* Try it: Within the listing that follows, reproduce exactly the lines starting at the line with "tailored vanity damask" and ending at the line with "HQRP Mando a", inclusive, and only those. Pictures are dropped.

* Provided entries:
==================================================
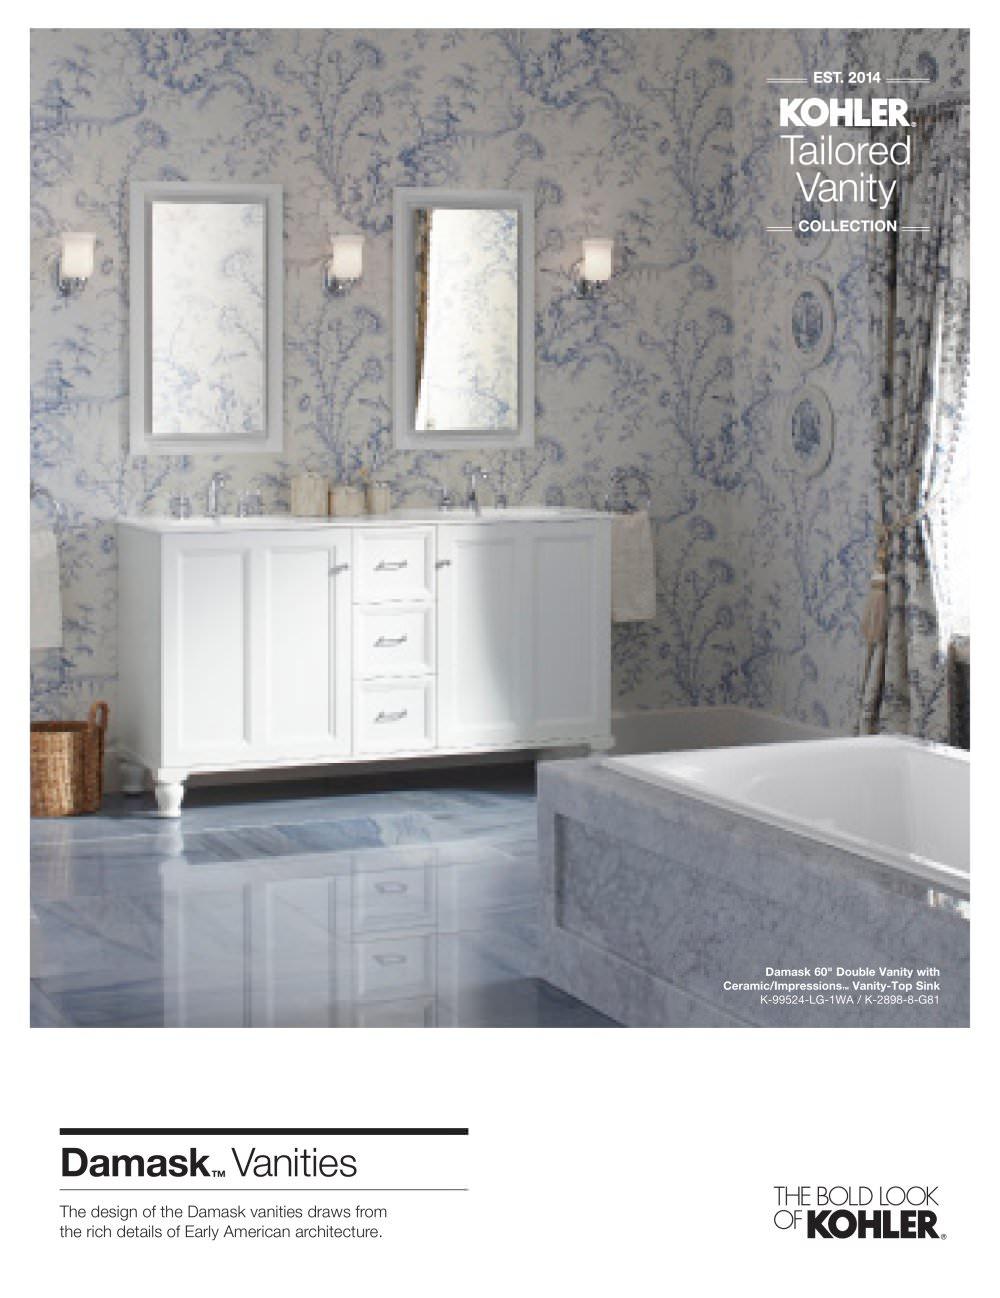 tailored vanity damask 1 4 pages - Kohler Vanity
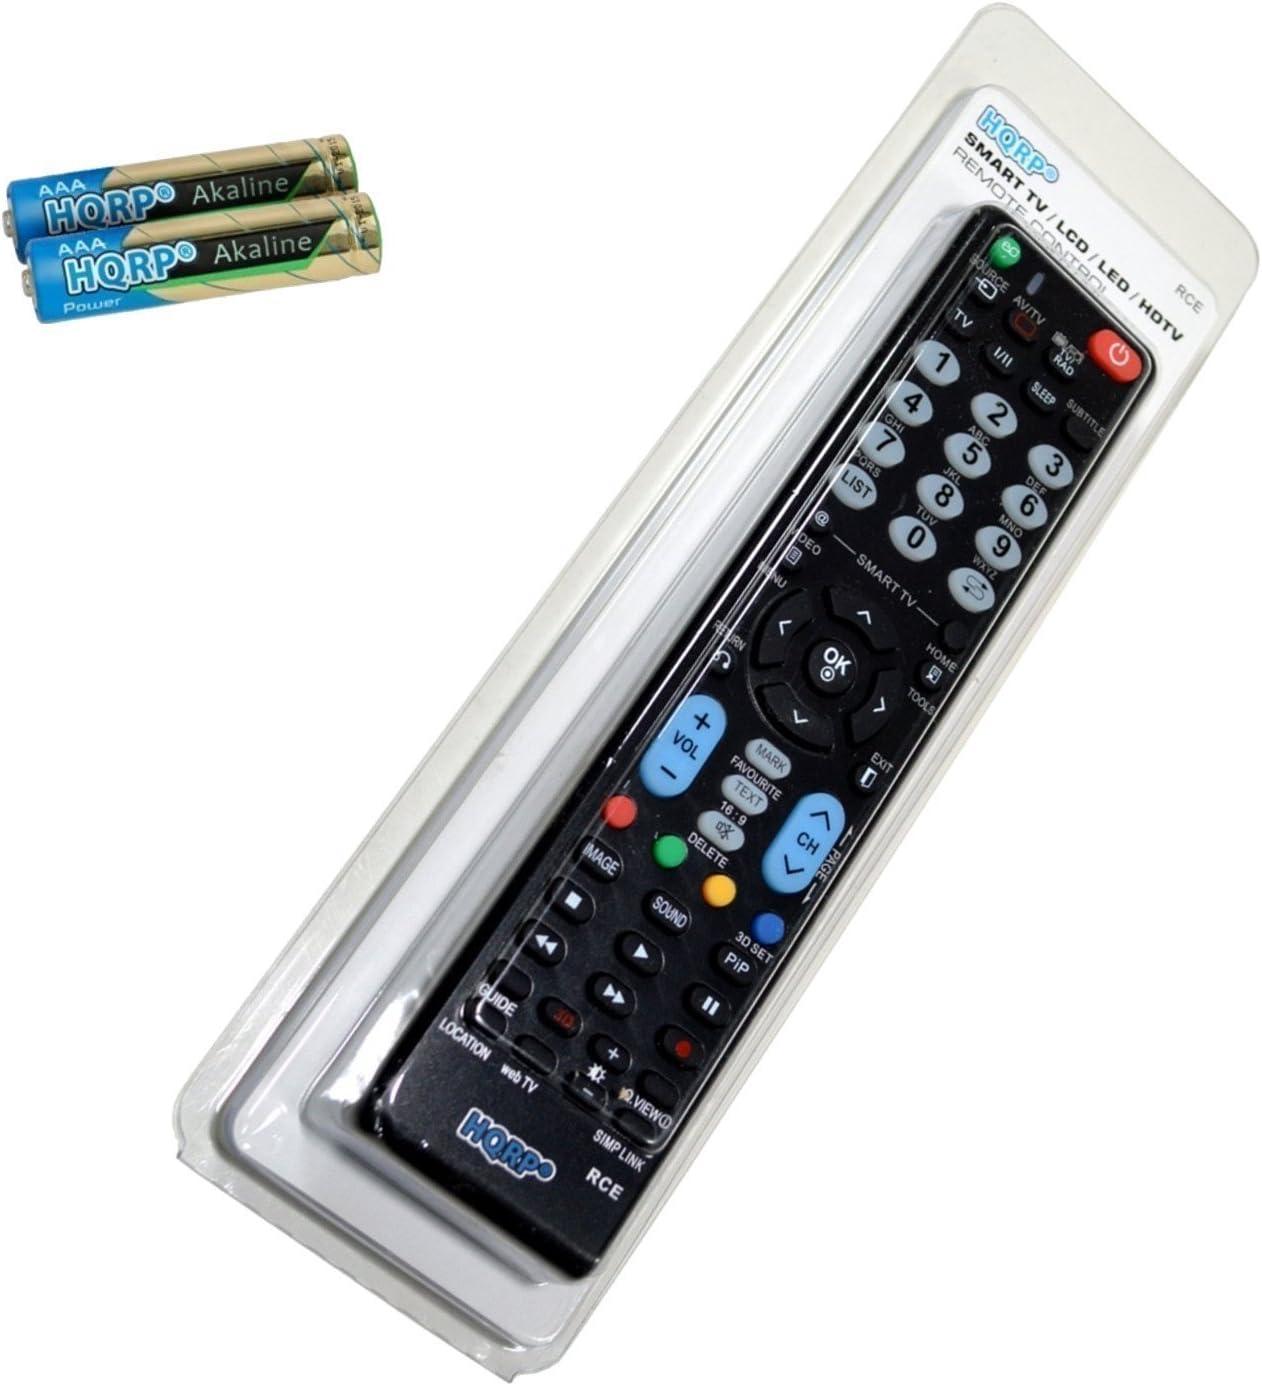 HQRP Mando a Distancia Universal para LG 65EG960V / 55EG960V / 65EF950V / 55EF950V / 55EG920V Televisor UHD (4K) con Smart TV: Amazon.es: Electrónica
==================================================
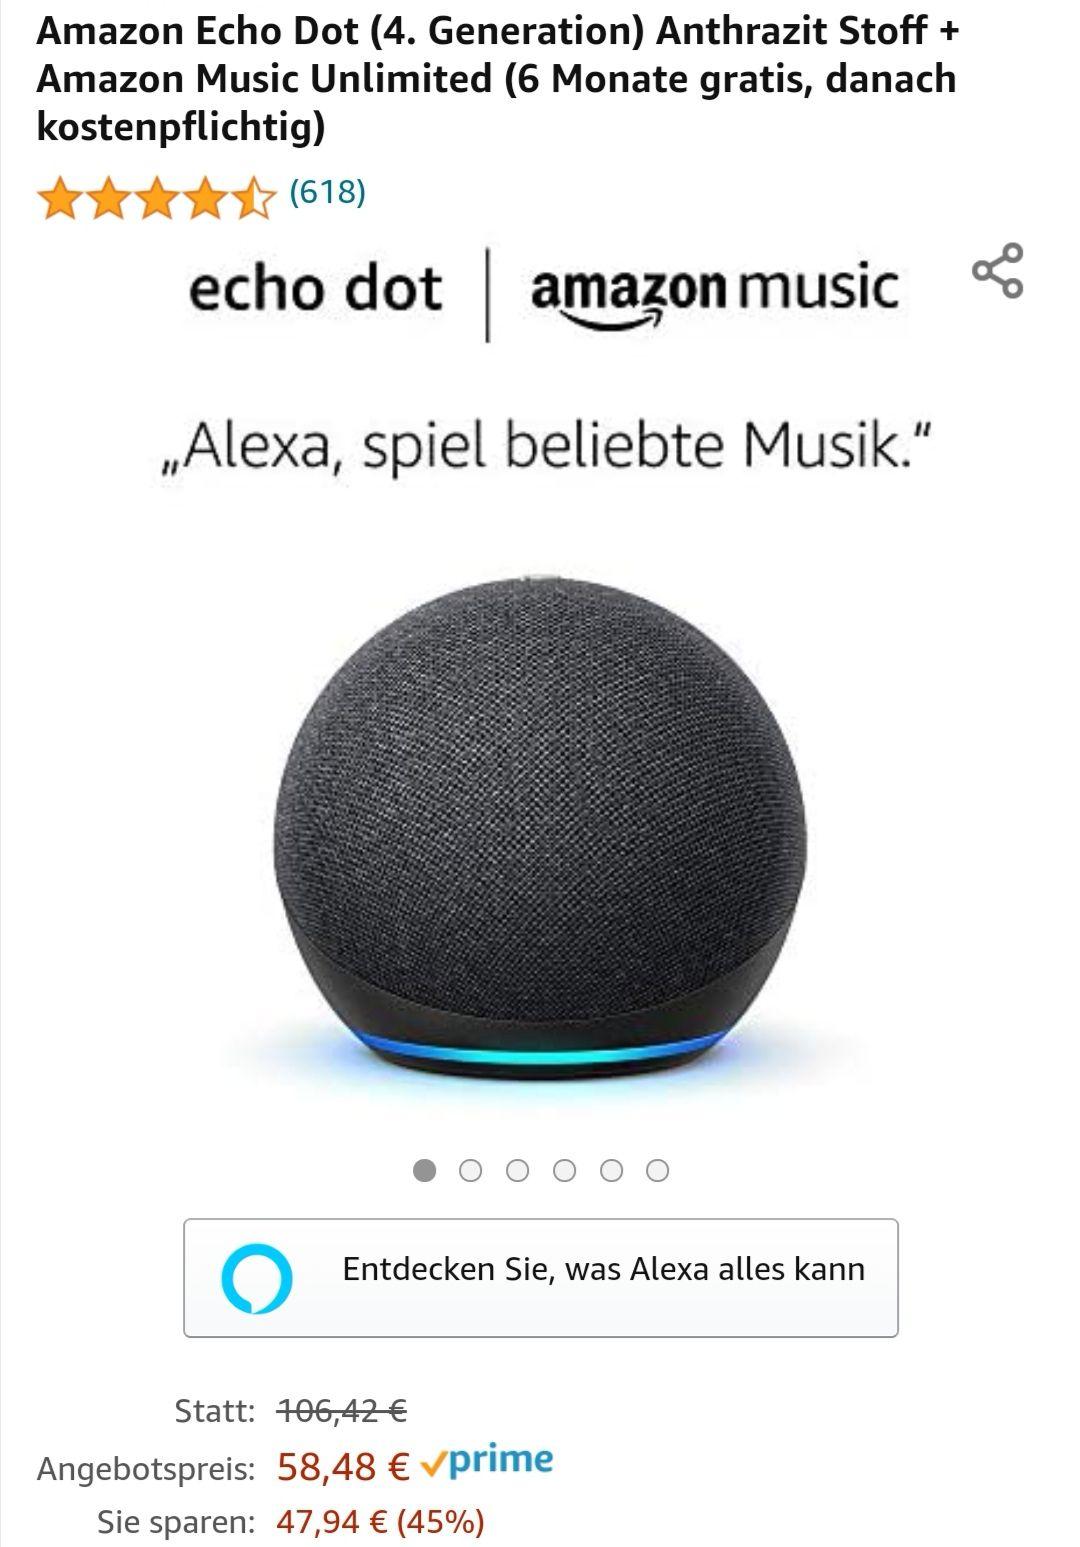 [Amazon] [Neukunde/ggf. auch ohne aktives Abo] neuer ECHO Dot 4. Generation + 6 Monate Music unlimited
==================================================
* Response box:
 tailored vanity damask 1 4 pages - Kohler Vanity
 HQRP Mando a Distancia Universal para LG 65EG960V / 55EG960V / 65EF950V / 55EF950V / 55EG920V Televisor UHD (4K) con Smart TV: Amazon.es: Electrónica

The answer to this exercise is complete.